Stored data

-*-

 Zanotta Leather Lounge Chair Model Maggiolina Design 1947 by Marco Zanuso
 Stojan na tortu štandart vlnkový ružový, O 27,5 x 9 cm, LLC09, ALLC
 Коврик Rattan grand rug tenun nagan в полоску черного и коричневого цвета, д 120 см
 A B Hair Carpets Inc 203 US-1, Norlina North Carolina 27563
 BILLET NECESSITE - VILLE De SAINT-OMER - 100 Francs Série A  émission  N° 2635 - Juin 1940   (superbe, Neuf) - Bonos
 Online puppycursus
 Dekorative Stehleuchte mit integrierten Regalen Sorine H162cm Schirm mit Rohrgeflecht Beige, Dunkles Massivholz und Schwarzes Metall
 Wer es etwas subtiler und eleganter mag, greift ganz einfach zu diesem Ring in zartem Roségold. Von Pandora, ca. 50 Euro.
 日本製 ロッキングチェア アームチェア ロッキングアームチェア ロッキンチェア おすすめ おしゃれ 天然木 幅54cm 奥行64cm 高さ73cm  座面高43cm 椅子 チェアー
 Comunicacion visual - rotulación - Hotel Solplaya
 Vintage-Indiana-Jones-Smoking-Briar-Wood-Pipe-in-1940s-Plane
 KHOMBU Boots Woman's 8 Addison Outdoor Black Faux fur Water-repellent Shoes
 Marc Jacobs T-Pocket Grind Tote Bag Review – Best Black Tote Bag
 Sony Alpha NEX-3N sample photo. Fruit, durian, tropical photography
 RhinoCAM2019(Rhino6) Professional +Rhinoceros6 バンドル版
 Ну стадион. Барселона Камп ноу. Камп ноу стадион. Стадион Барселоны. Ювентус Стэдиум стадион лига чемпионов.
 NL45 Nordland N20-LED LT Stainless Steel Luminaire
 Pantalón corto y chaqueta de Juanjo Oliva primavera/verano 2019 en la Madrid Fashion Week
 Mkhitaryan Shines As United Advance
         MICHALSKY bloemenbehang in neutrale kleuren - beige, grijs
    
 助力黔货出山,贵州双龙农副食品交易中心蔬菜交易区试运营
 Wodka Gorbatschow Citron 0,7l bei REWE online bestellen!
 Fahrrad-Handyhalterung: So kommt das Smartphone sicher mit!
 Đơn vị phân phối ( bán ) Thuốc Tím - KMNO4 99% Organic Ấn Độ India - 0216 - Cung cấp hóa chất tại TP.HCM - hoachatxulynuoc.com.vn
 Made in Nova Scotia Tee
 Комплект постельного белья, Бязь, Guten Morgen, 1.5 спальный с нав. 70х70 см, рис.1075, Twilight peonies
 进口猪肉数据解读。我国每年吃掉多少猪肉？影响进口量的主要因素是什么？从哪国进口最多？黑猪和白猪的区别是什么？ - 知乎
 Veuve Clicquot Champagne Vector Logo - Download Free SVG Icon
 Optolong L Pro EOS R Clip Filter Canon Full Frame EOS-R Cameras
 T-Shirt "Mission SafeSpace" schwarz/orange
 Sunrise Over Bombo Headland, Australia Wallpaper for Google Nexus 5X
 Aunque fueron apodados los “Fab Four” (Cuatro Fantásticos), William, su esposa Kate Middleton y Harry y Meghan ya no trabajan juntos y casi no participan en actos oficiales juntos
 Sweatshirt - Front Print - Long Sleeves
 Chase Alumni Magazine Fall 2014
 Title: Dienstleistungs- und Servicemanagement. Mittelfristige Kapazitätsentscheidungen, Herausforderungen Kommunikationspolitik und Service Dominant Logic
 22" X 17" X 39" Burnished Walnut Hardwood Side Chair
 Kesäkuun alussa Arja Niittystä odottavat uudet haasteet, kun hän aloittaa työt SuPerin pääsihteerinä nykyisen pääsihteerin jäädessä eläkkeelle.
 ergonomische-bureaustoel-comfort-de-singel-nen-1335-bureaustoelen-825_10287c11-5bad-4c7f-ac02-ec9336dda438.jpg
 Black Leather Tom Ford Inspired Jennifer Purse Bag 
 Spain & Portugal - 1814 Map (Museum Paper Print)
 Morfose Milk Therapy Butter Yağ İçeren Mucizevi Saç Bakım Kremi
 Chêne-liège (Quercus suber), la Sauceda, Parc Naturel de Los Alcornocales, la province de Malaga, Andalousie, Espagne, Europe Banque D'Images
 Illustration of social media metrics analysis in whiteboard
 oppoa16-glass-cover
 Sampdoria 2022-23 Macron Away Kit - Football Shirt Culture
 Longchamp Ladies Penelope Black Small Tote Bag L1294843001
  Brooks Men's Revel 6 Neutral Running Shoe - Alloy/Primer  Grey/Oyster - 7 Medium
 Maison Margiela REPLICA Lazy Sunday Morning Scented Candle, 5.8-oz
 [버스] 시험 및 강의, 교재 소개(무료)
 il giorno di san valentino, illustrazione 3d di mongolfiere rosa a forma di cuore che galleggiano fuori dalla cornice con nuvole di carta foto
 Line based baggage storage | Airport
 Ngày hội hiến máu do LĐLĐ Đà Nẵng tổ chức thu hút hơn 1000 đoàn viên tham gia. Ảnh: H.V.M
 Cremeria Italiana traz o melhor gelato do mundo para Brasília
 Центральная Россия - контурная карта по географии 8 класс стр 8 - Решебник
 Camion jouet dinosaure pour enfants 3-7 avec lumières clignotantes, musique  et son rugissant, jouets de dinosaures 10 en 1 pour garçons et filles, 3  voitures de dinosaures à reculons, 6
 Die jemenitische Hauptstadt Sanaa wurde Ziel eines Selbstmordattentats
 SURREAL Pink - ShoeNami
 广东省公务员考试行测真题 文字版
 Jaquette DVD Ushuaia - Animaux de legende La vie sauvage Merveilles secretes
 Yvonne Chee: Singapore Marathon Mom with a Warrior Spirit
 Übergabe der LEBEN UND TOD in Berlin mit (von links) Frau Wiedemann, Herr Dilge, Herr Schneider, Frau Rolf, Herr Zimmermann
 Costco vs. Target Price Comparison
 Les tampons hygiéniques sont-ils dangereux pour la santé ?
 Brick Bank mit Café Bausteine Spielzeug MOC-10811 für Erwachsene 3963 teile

-*-

> THE TASK: Some lines of the data above may hold the word "Chair"; state how many do, and give only that number.

> TASK OUTPUT: 2